BRIEF:
The copy must match the data below line for line and contain no images.
SOURCE DATA START
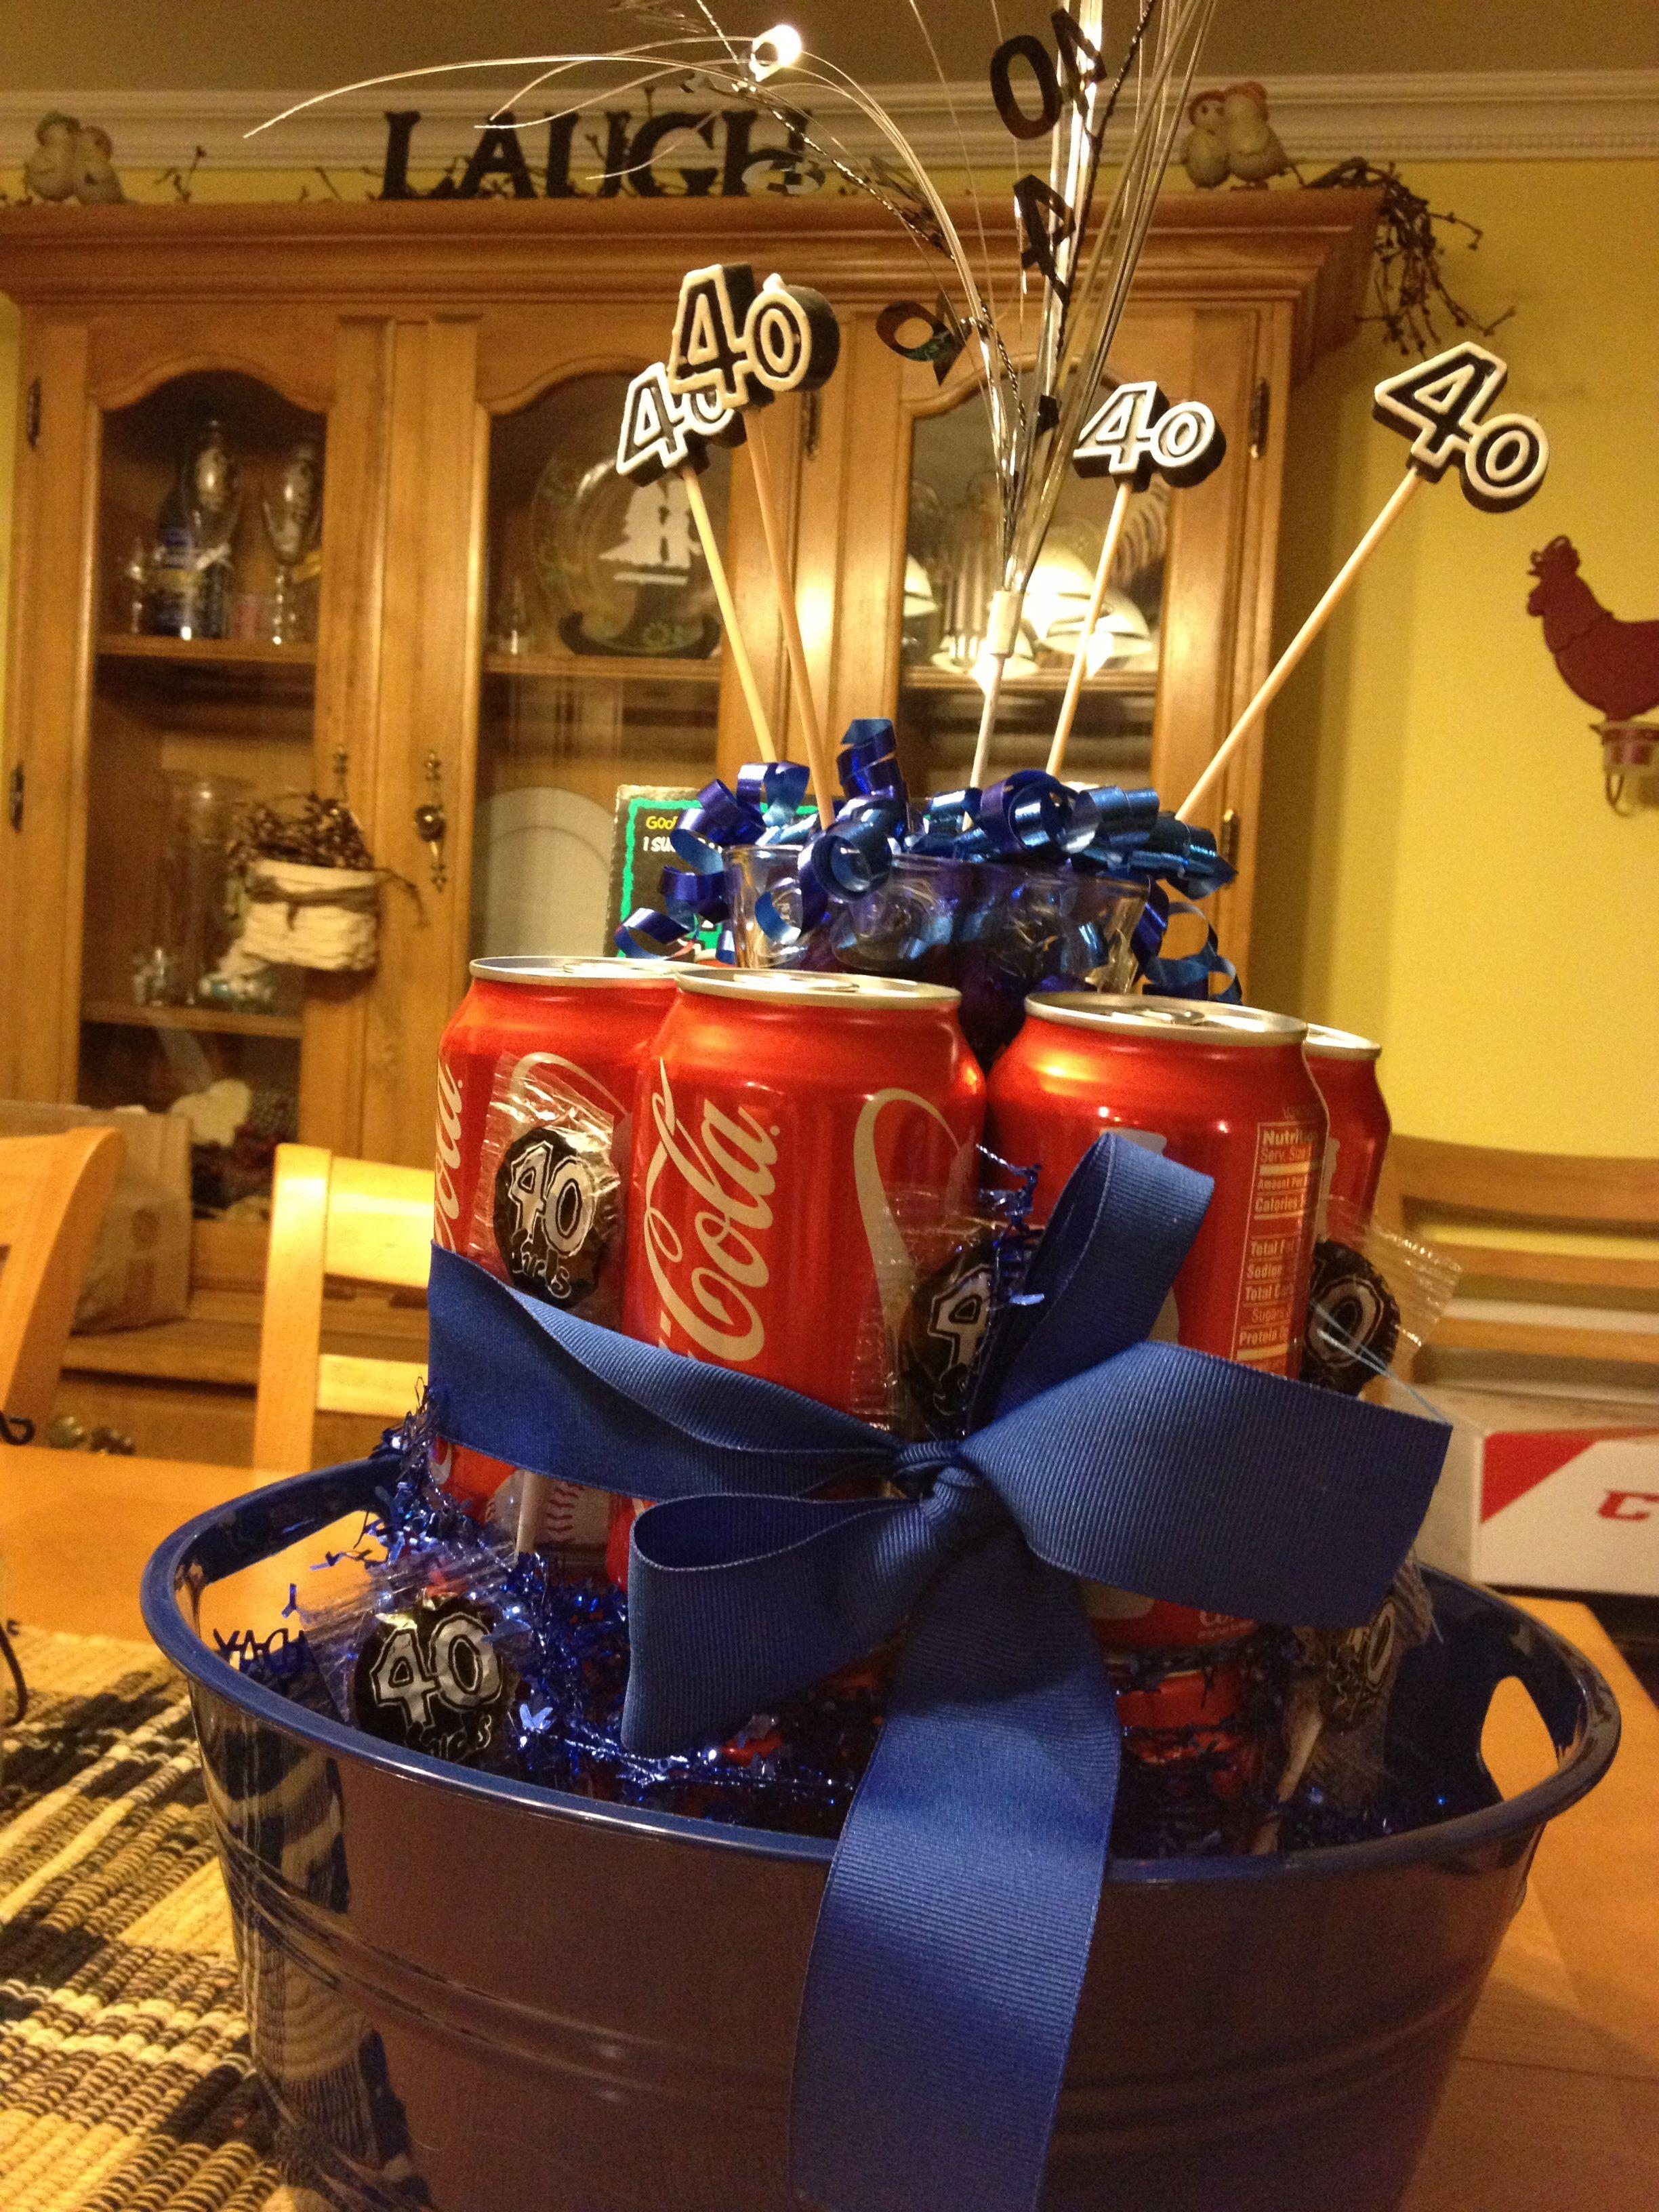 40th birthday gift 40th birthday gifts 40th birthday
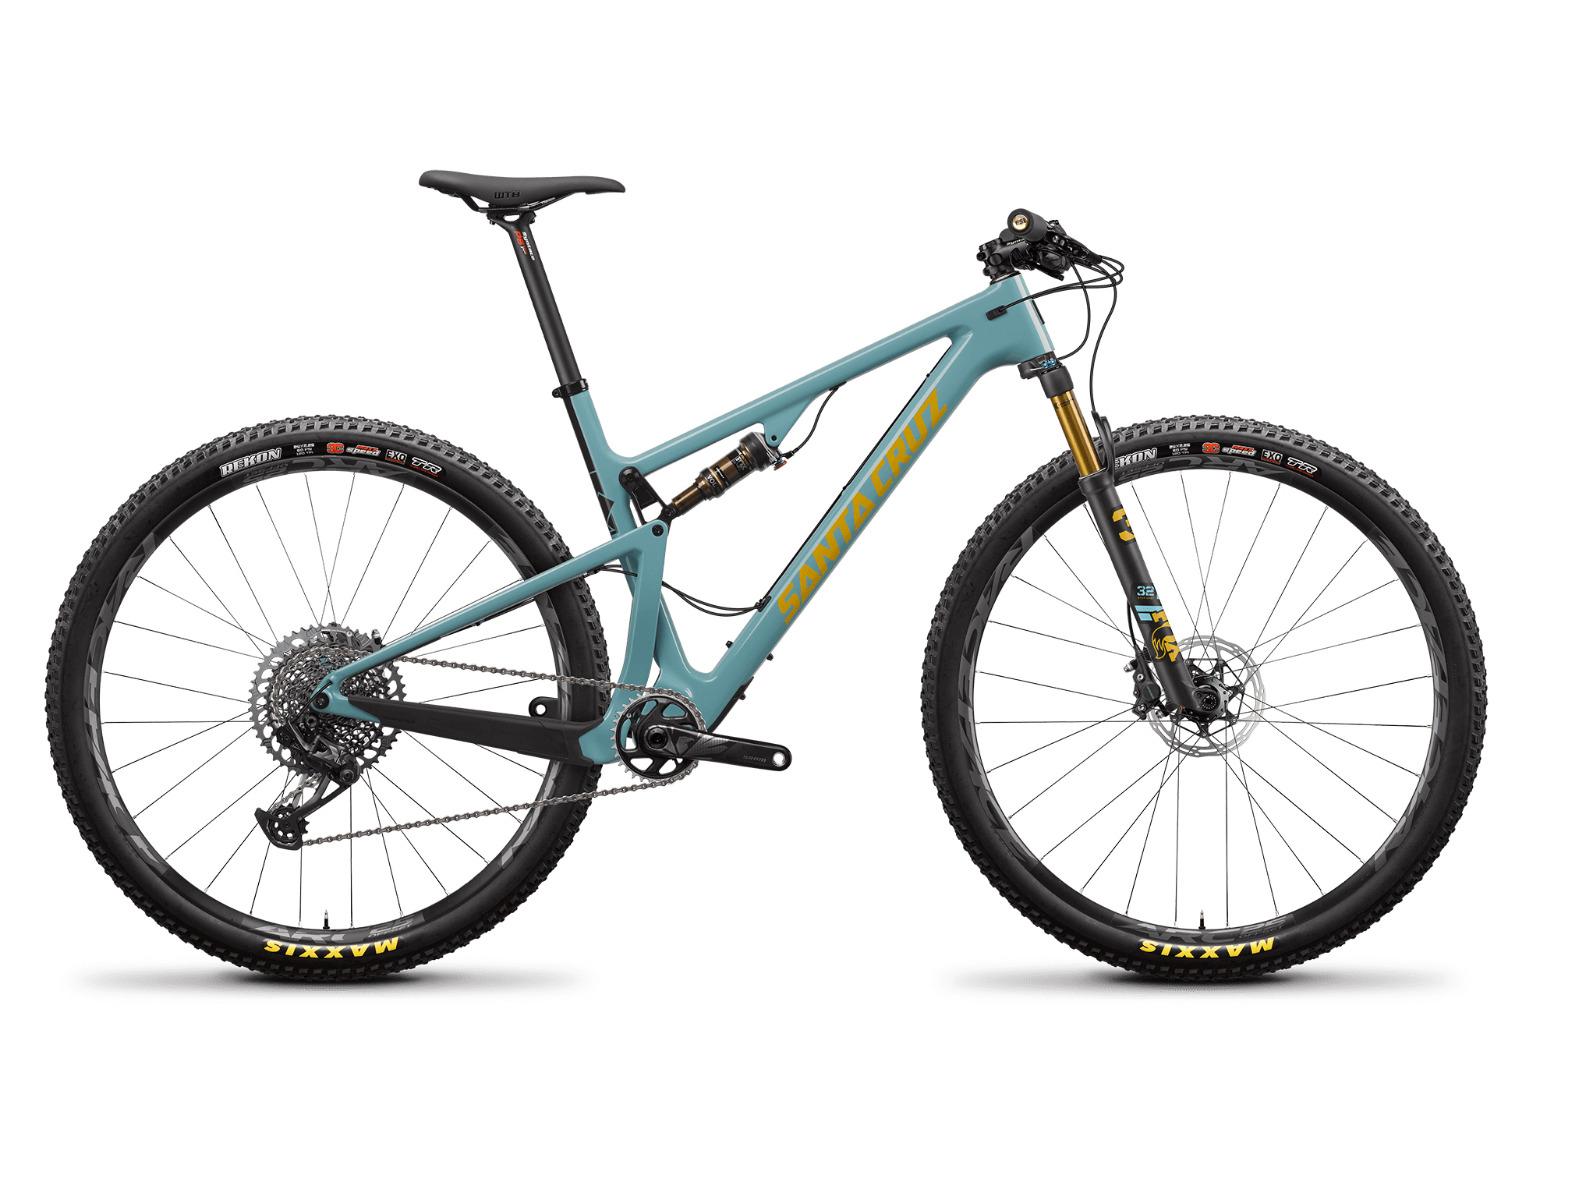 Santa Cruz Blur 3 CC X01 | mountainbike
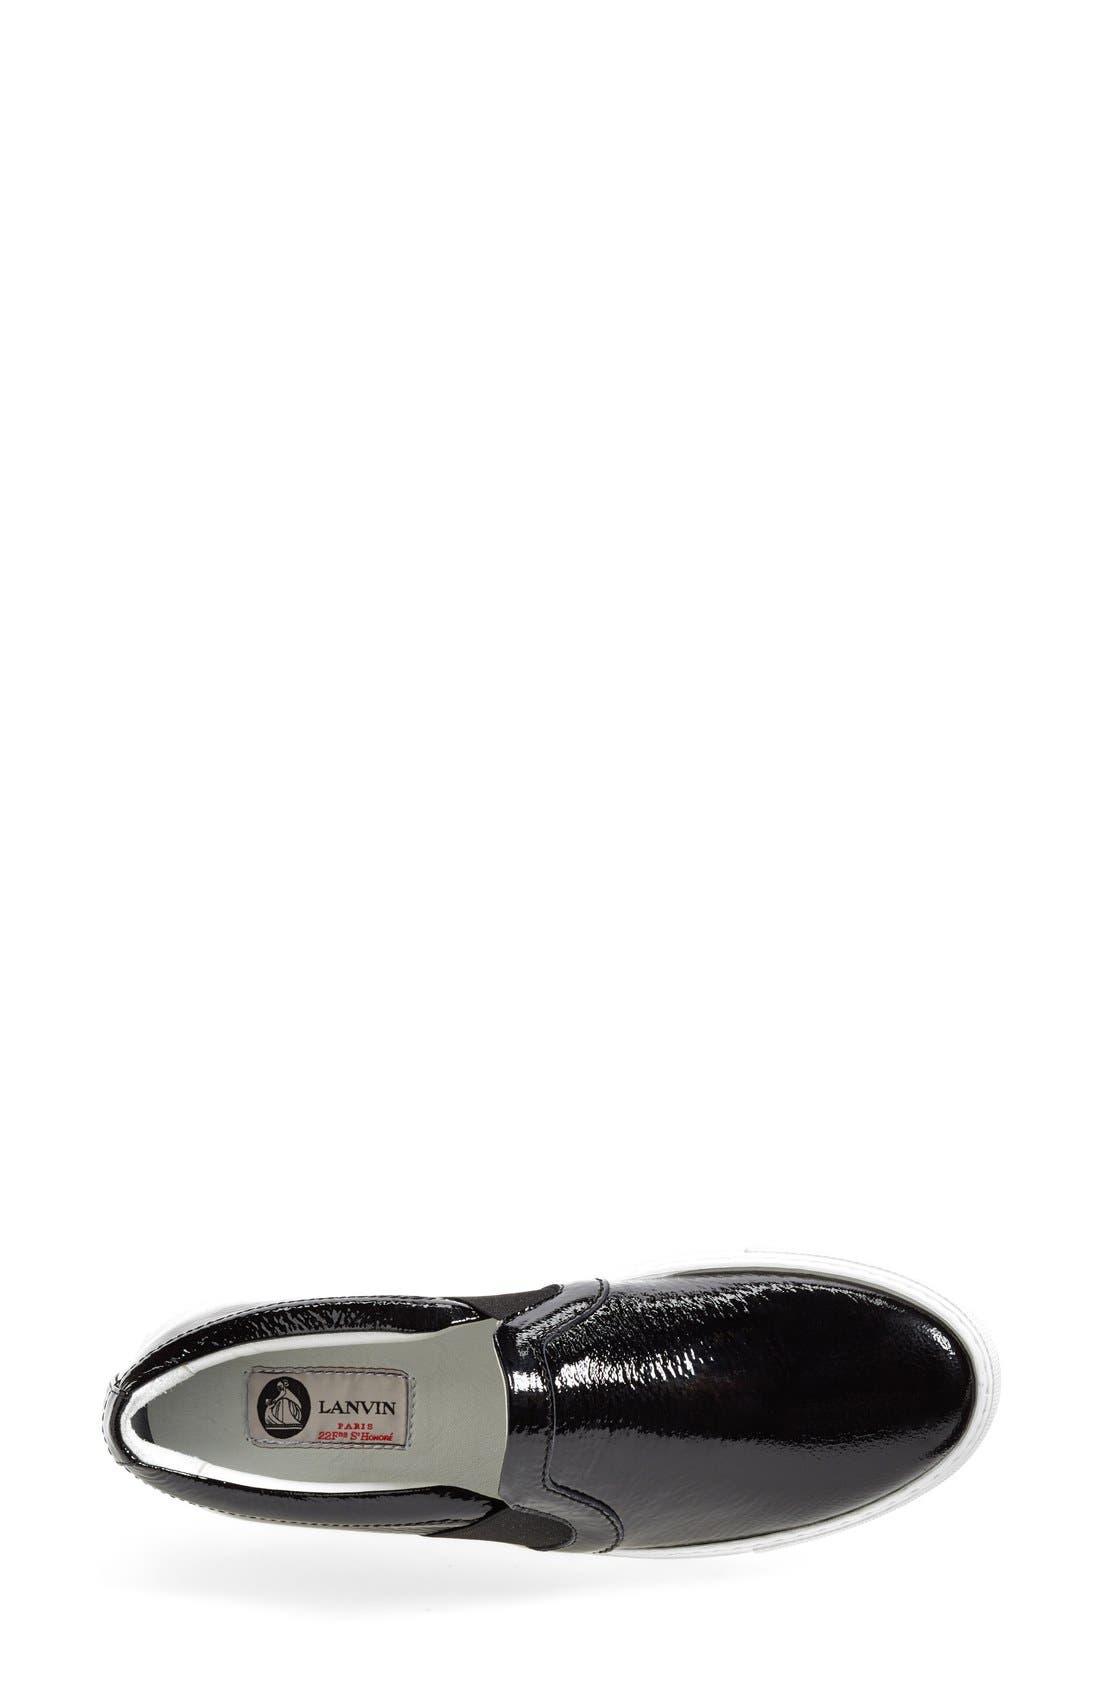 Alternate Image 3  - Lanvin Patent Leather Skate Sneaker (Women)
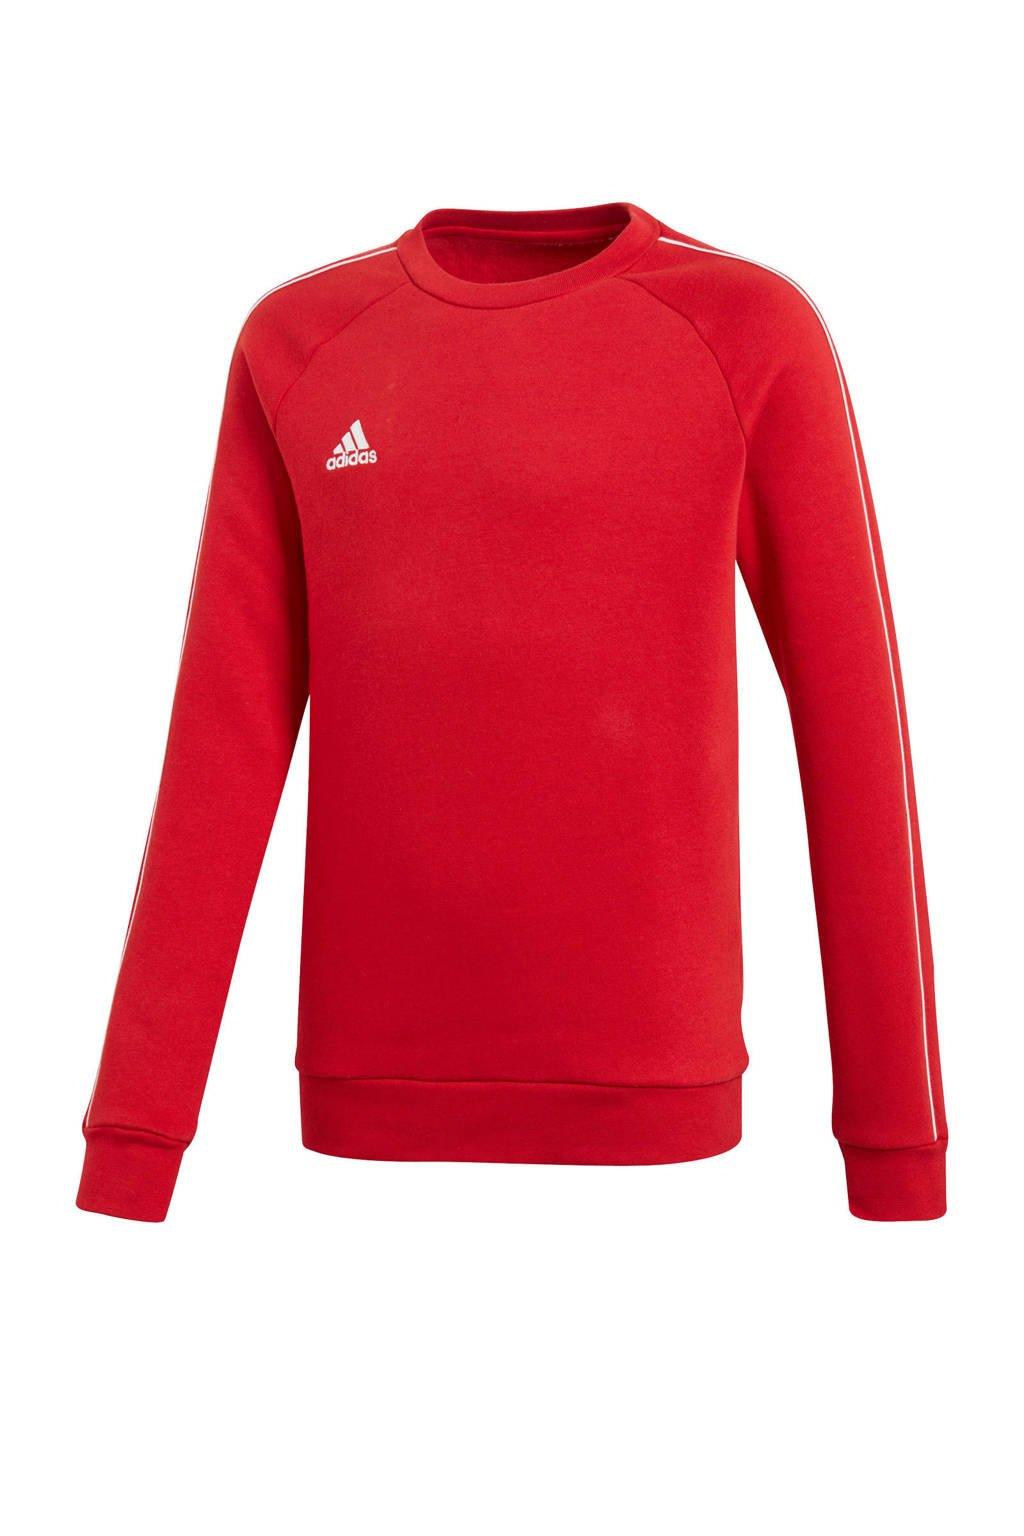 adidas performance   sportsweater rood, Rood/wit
SOURCE DATA END
RESULT FOR THIS EXERCISE:
 40th birthday gift 40th birthday gifts 40th birthday
 Santa Cruz Blur 3 CC X01 | mountainbike
 Alternate Image 3  - Lanvin Patent Leather Skate Sneaker (Women)
 adidas performance   sportsweater rood, Rood/wit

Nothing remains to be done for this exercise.